Saluran Irigasi Dipindah Pabrik Semen, Petani Datangi DPRD Jember

berita terkini
Rapat dengar pendapat petani Puger dengan Komisi C DPRD Jember dan Dinas Pekerjaan Umum Bina Marga dan Sumber Daya Air Jember.

JEMBER, (suaraindonesia.co.id)- Akibat saluran irigasi yang dipindah, puluhan petani dari Desa Puger Wetan dan Puger Kulon Rabu siang (11/7) mendatangi kantor DPRD Jember.

Kepada anggota Komisi C DPRD Jember yang menemuinya, para petani mengadukan pengubahan saluran air ke sawah warga akibat pembangunan pabrik semen Indonesia Jember Hongshi Cement Limited di kawasan Gunung Sadeng Puger.

“Saluran air tiba-tiba dibangun dan berbelok-belok. Ini untuk kepentingan pabrik semen baru,” ucap Abdul Rois, Ketua Kelompok Tani Nelayan Andalan Kecamatan Puger.

Rois juga mengatakan saat musim kemarau terjadi maka petani kesulitan air, sedangkan musim hujan maka banjir. Padahal, saluran air ini sangat vital untuk petani sekitar.

“Total untuk sawah di Puger Wetan dan Puger Kulon yang berharap pada saluran ini sekitar 300 hektare yang dimiliki ratusan bahkan ribuan petani,” ucap Rois.

Para petani sudah resah dengan kondisi pembangunan saluran yang diprediksi dilakukan perusahaan sudah mencapai 60 persen.“Dampak seperti itu yang tidak dipikirkan,” tegasnya.

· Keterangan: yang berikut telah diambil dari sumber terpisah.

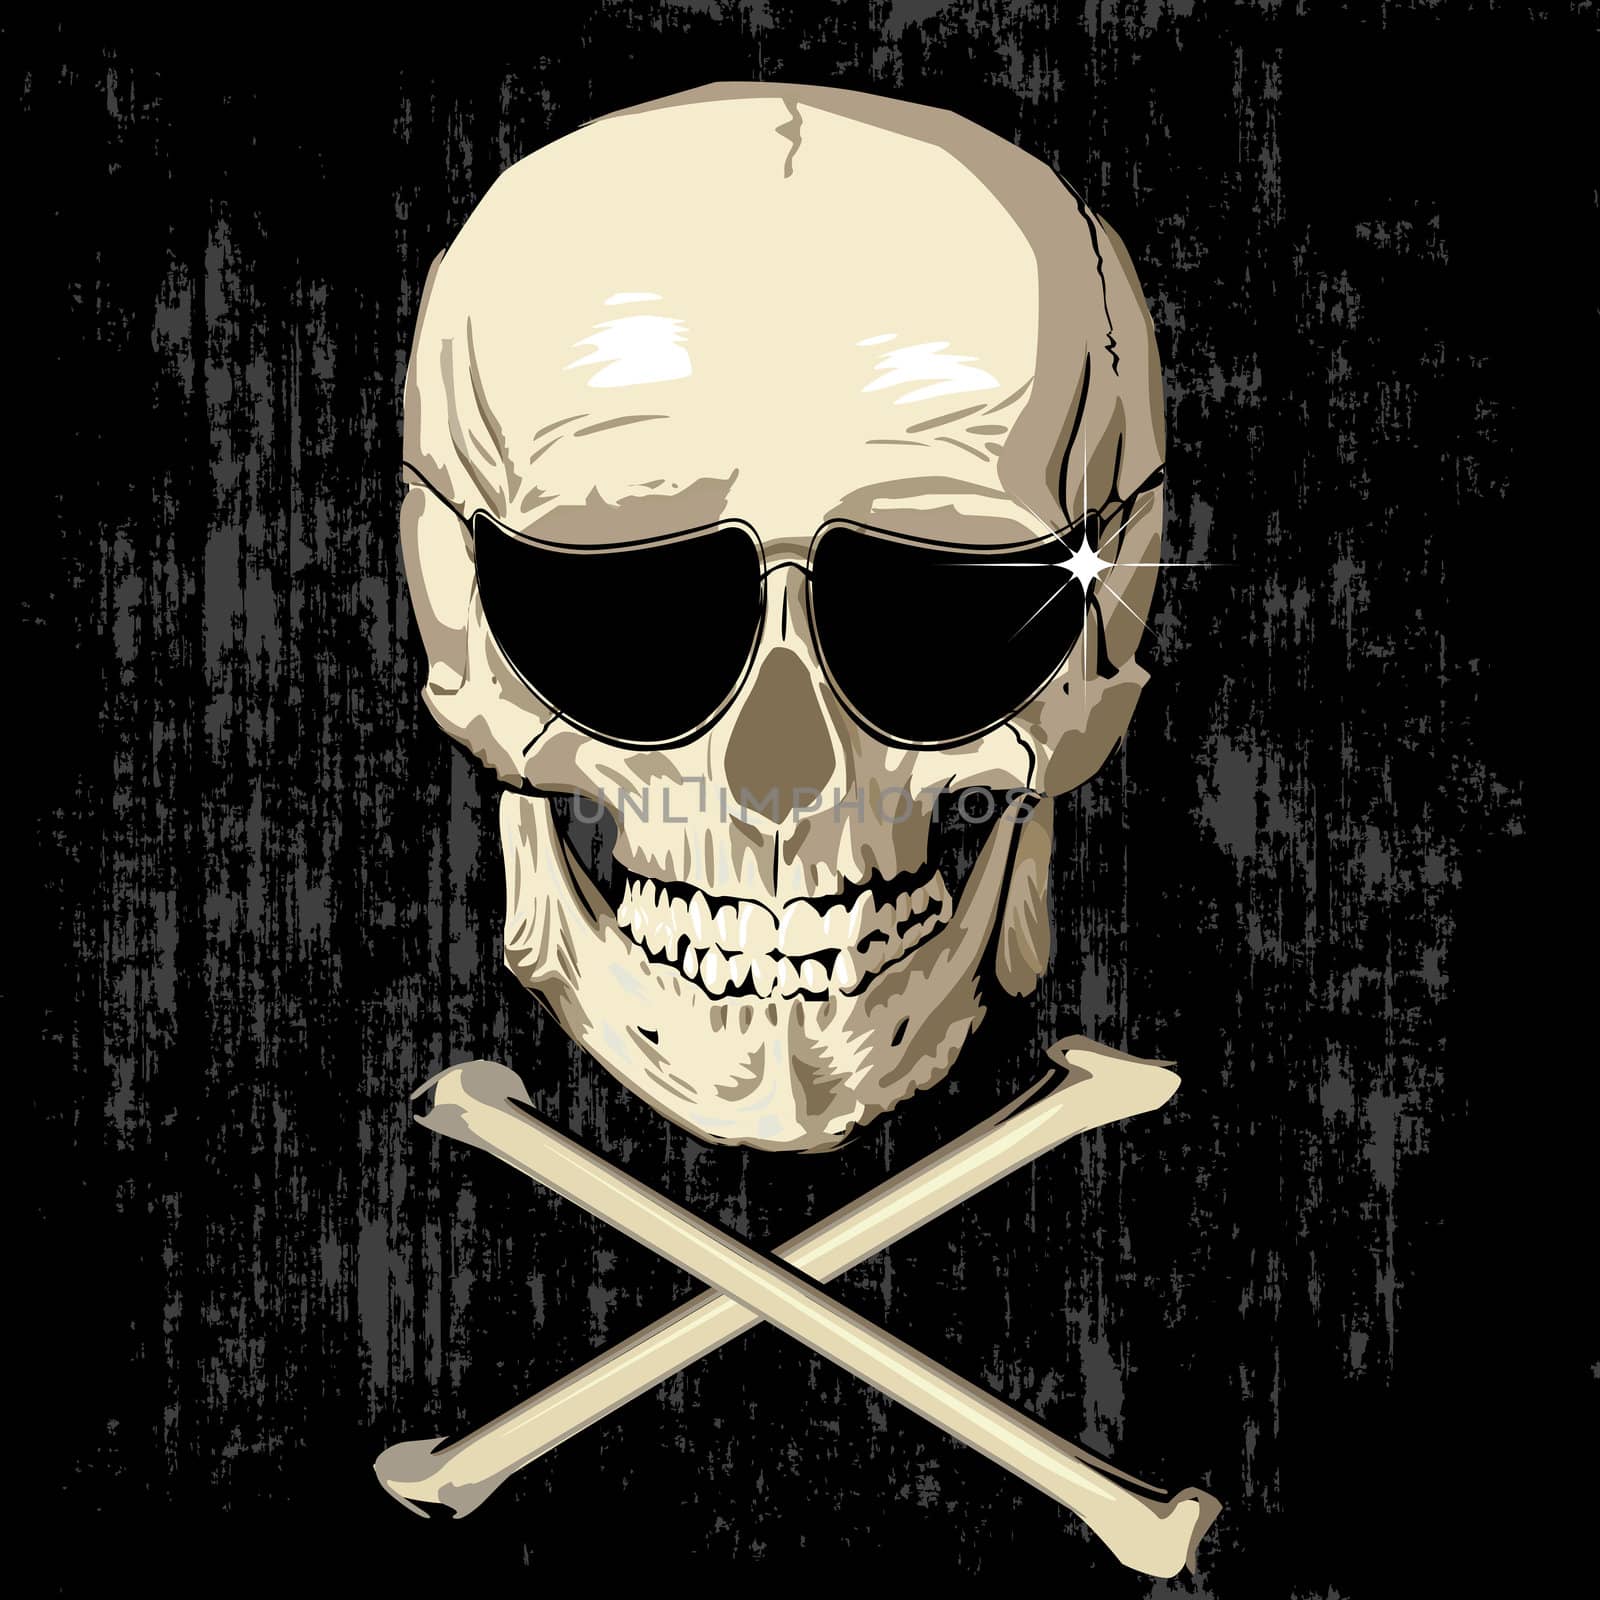 Grunge background with human skull wearing sunglasses and bones

Sementara itu, Rokib, warga yang lain menegaskan pihaknya tidak menolak keberadaan pabrik semen baru disana. “Tetapi paling tidak jika ada pembangunan seharusnya izin kepada masyarakat sekitar,” jelasnya. Bahkan informasinya kepada pihak desa maupun kecamatan pun tidak ada izin.

“Seharusnya kan setiap pembangunan ini ada sosialisasi ke masyarakat. Tetapi ini sama sekali tidak ada pemberitahuan kepada masyarakat. Dianggapnya Puger ini hutan tidak ada masyarakatnya,” tutur Rokib.

Rokib mewakili para petani meminta kepada pemerintah daerah untuk meninjau ulang izin yang diberikan kepada perusahaan yang berasal dari China itu.

Dilain pihak plt Kepala Dinas Pekerjaan Umum Bina Marga dan Sumber Daya Air Jember Rasyid Zakaria, mengaku dirinya tidak berwenang dalam prosen ijin pabrik.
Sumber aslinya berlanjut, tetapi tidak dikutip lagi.